1. Patients who cannot tolerate pegfilgrastim.

2. Known active central nervous system (CNS) or leptomeningeal metastasis (brain
metastasis) at the time of enrollment.

3. Prior treatment with doxorubicin, epirubicin, idarubicin, and/or other anthracyclines
or anthracenediones (including adjuvant therapy).

4. Prior radiotherapy of the mediastinal/pericardial area or whole pelvis radiation.
Other thoracic radiotherapy is permitted.

5. The participant has symptomatic congestive heart failure (CHF), left ventricular
dysfunction (LVEF <50%), severe myocardial insufficiency, cardiac arrhythmia
(uncontrolled clinically significant), or cardiomyopathy.

6. The participant has unstable angina pectoris, angioplasty, cardiac stenting, or
myocardial infarction.

7. The participant has a QT interval calculated using Fridericia's correction (QTcF) of
>450 milliseconds (msec) for males and >470 msec for females on screening
electrocardiogram (ECG).

8. Females who are pregnant or breastfeeding.
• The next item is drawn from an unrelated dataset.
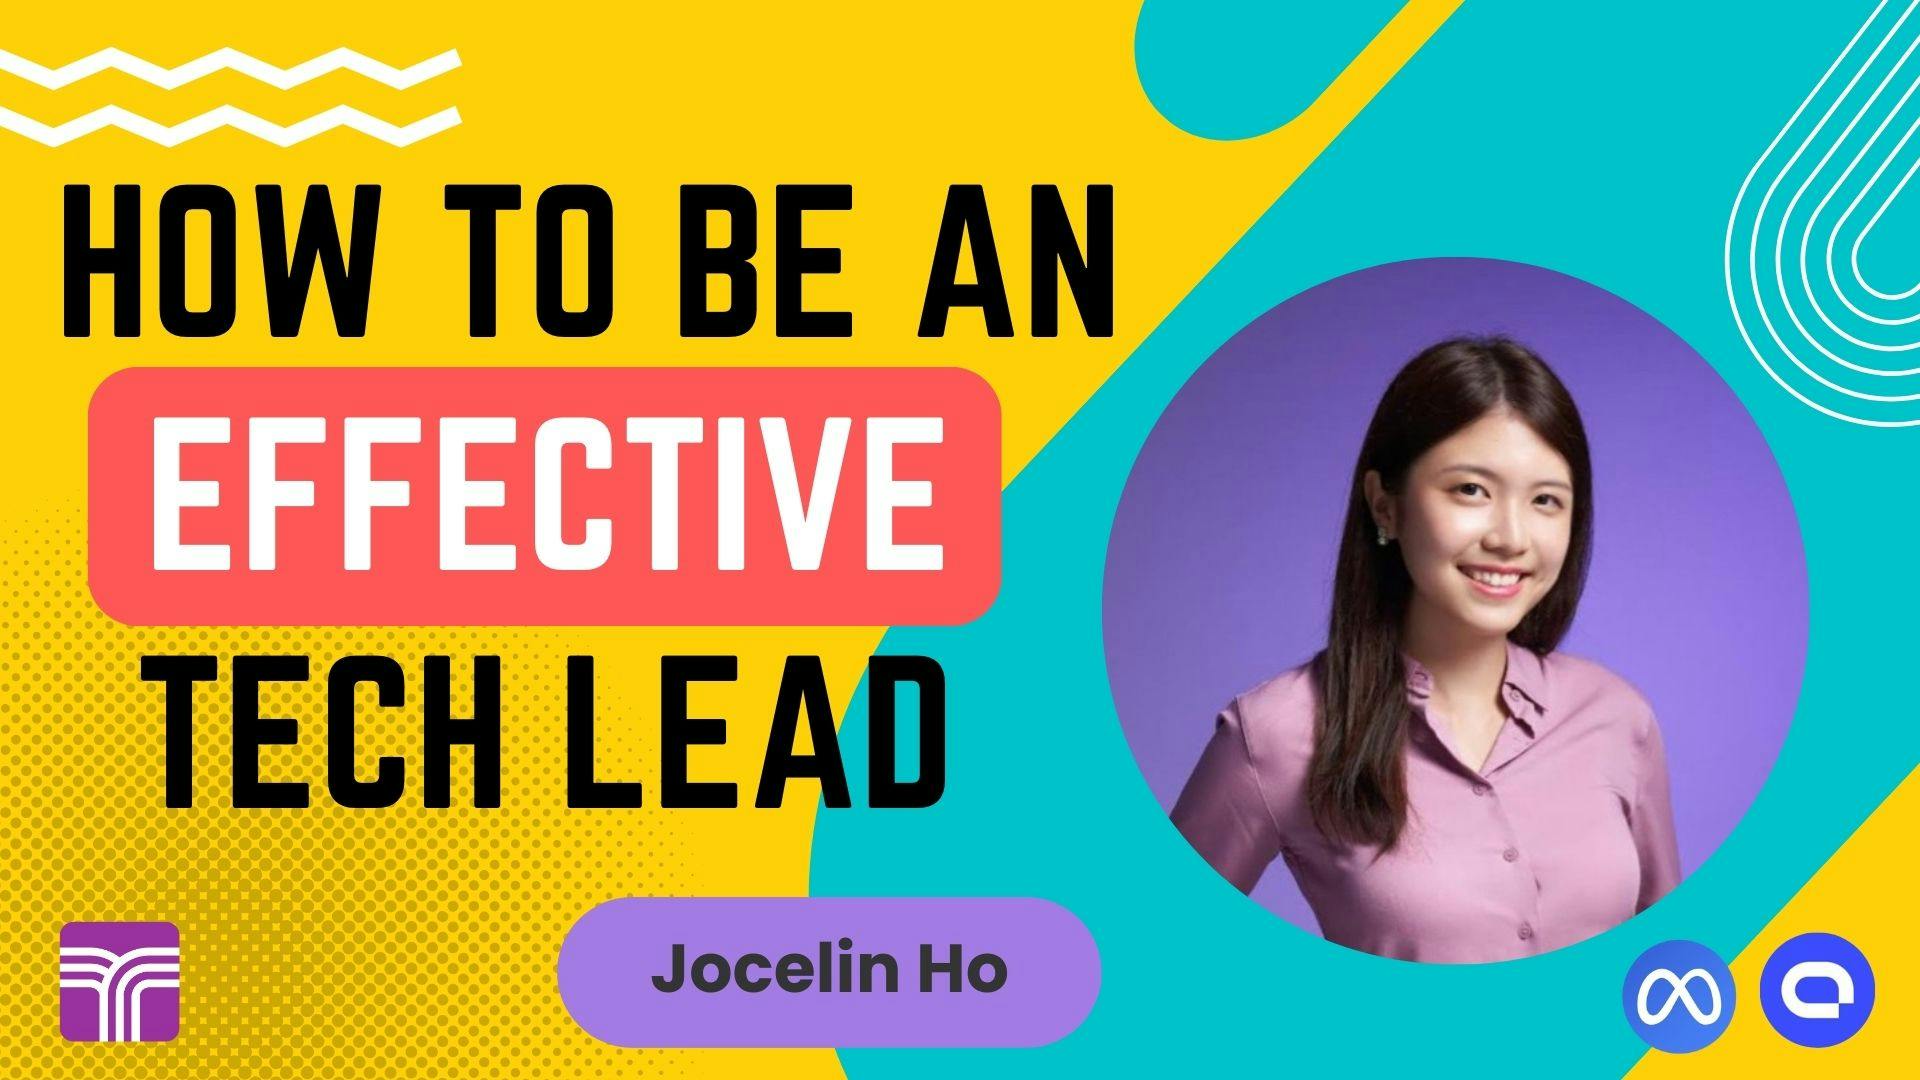 How To Be An Effective Tech Lead course image
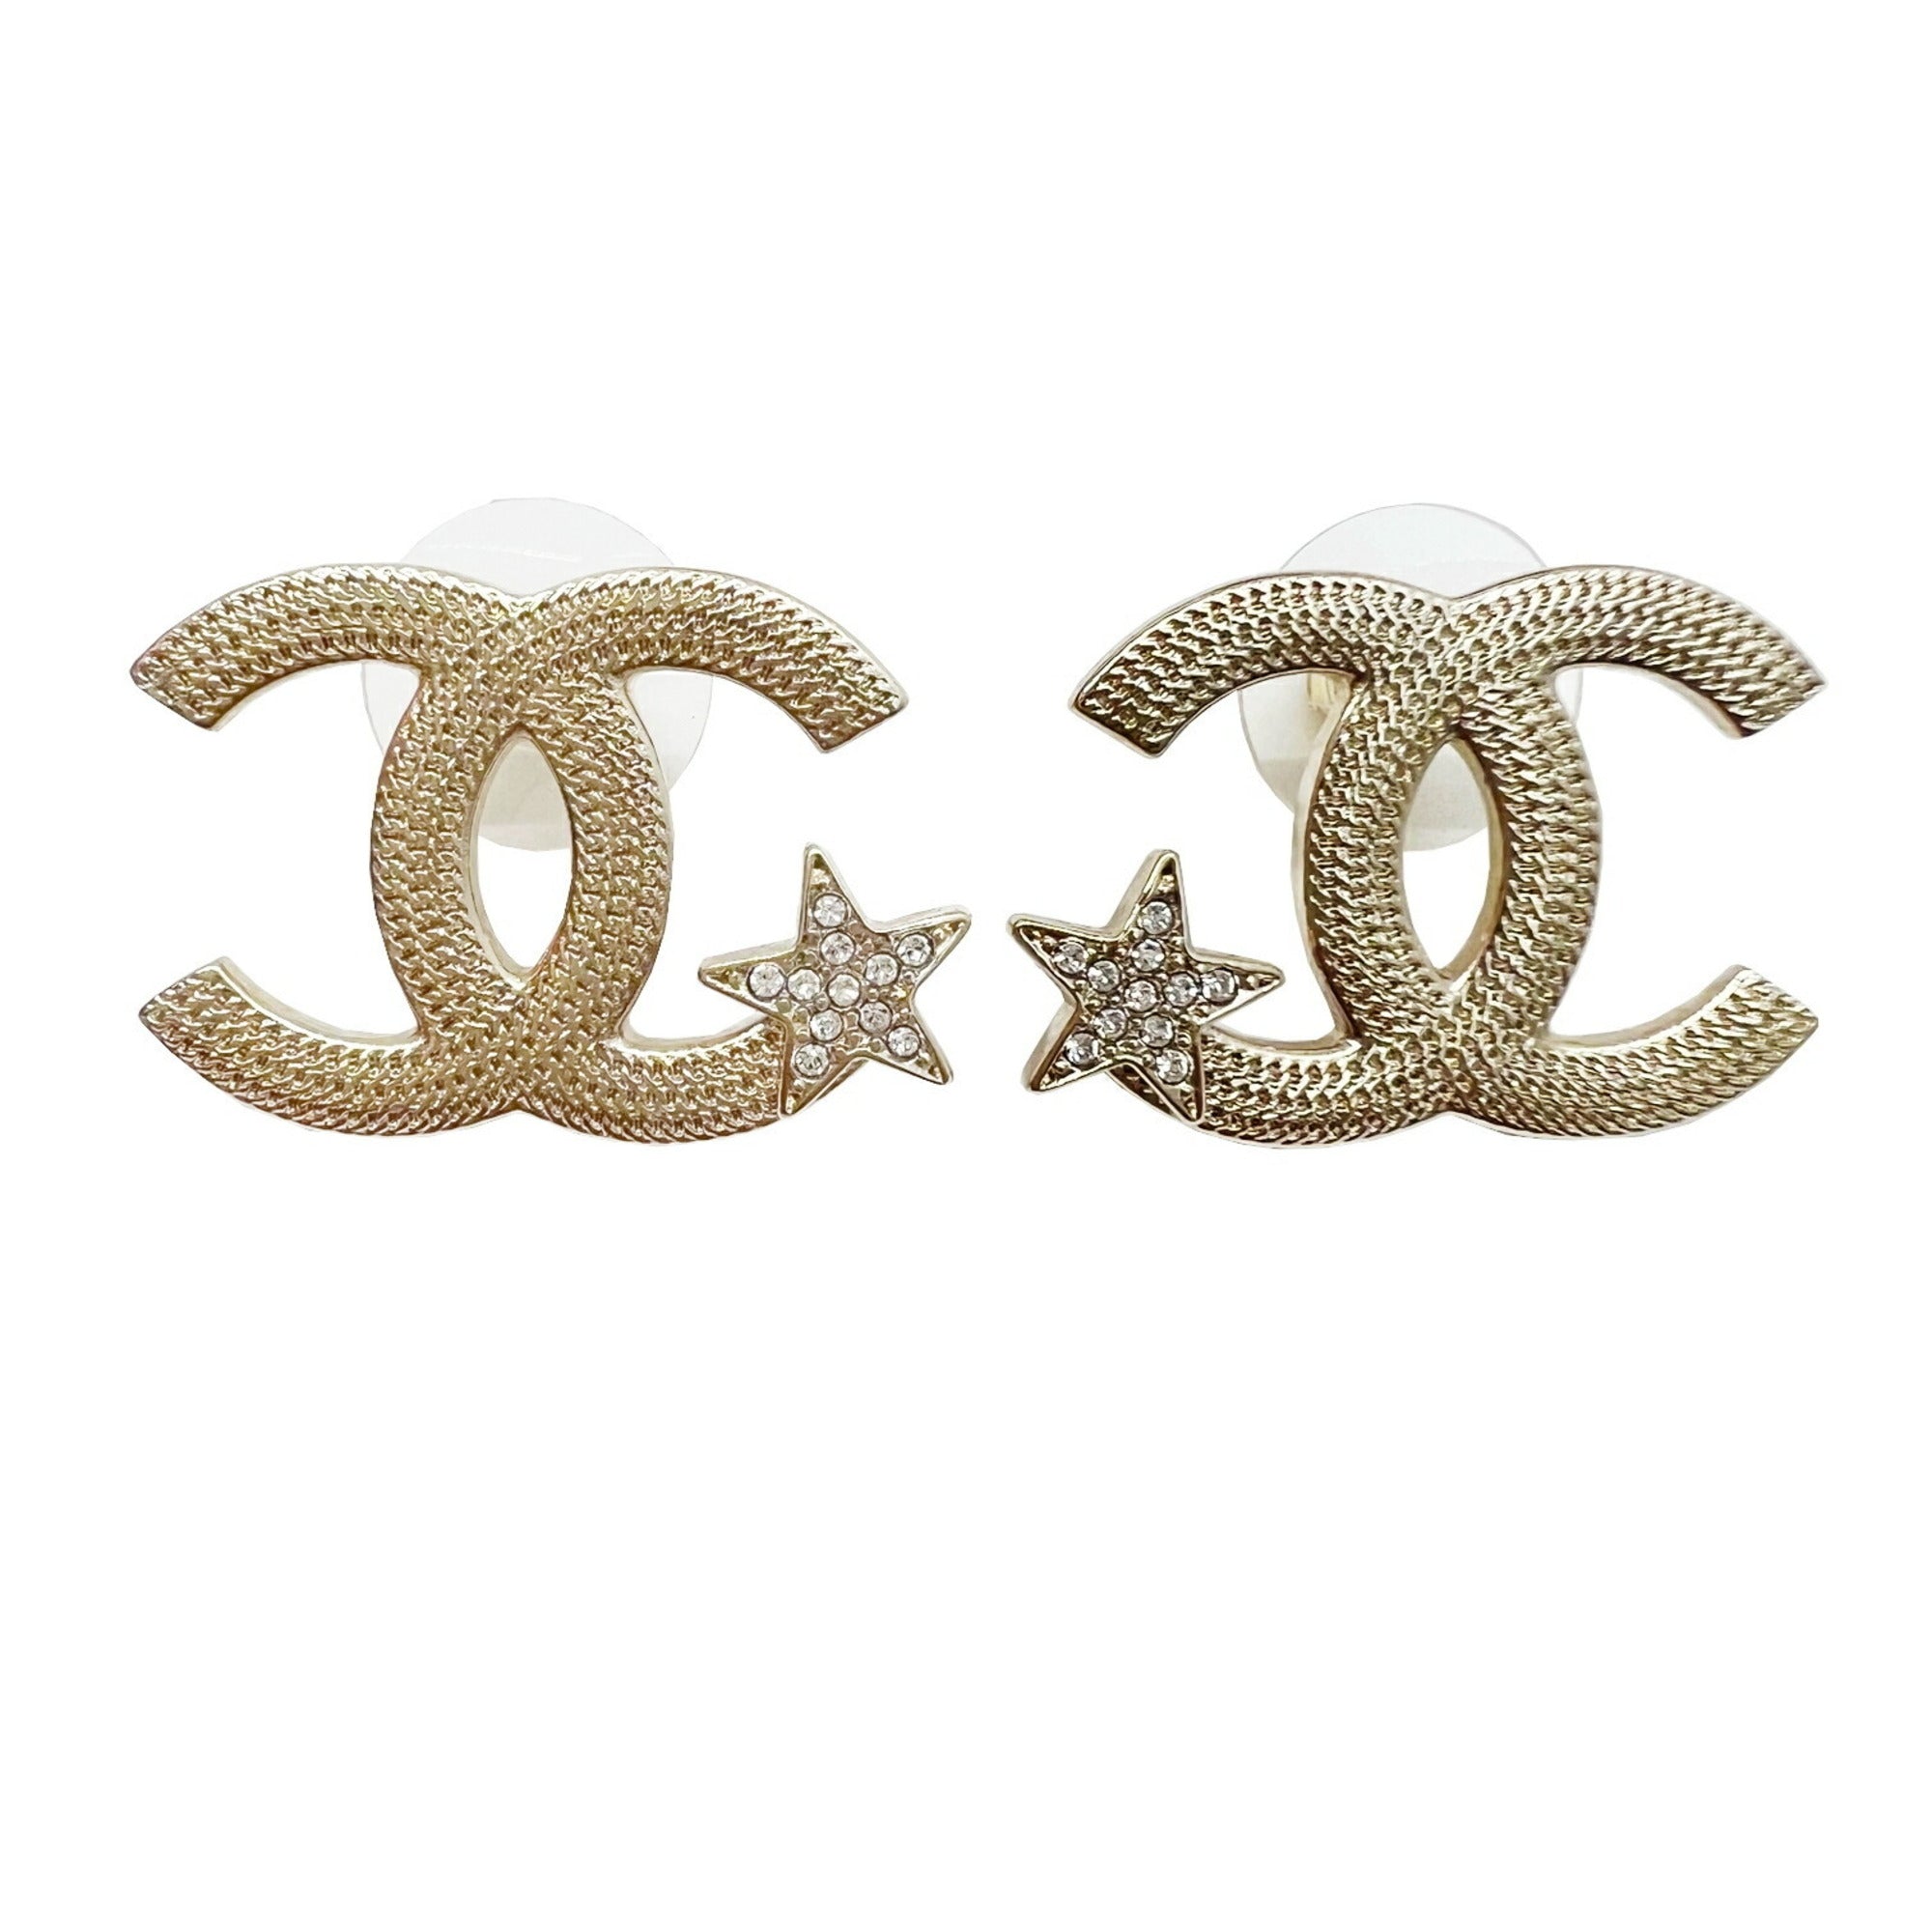 CHANEL, Jewelry, Chanel 23c Gold Crystal Heart Cc Logo Valentines Earrings  New Wtags Receipt

9. Known allergy to any of the treatment components including a history of allergic
reactions attributed to compounds of chemical or biological composition similar to
doxorubicin and camsirubicin (including IV lactose) or pegfilgrastim.

10. The participant has a known, uncontrolled active fungal, bacterial or viral infection
including human immunodeficiency virus (HIV) or viral hepatitis (B or C).

11. History of another cancer with the exception of:

- adequately treated basal cell carcinoma or skin squamous cell carcinoma or

- adequately treated in situ cervical cancer or

- superficial bladder cancer or

- low risk prostate cancer or

- relapse-free interval longer than 3 years after treatment of a primary cancer
with no substantial risk of recurrence.

12. Conditions which would confound the assessment of the effects and/or safety of study
medication in the opinion of the investigator.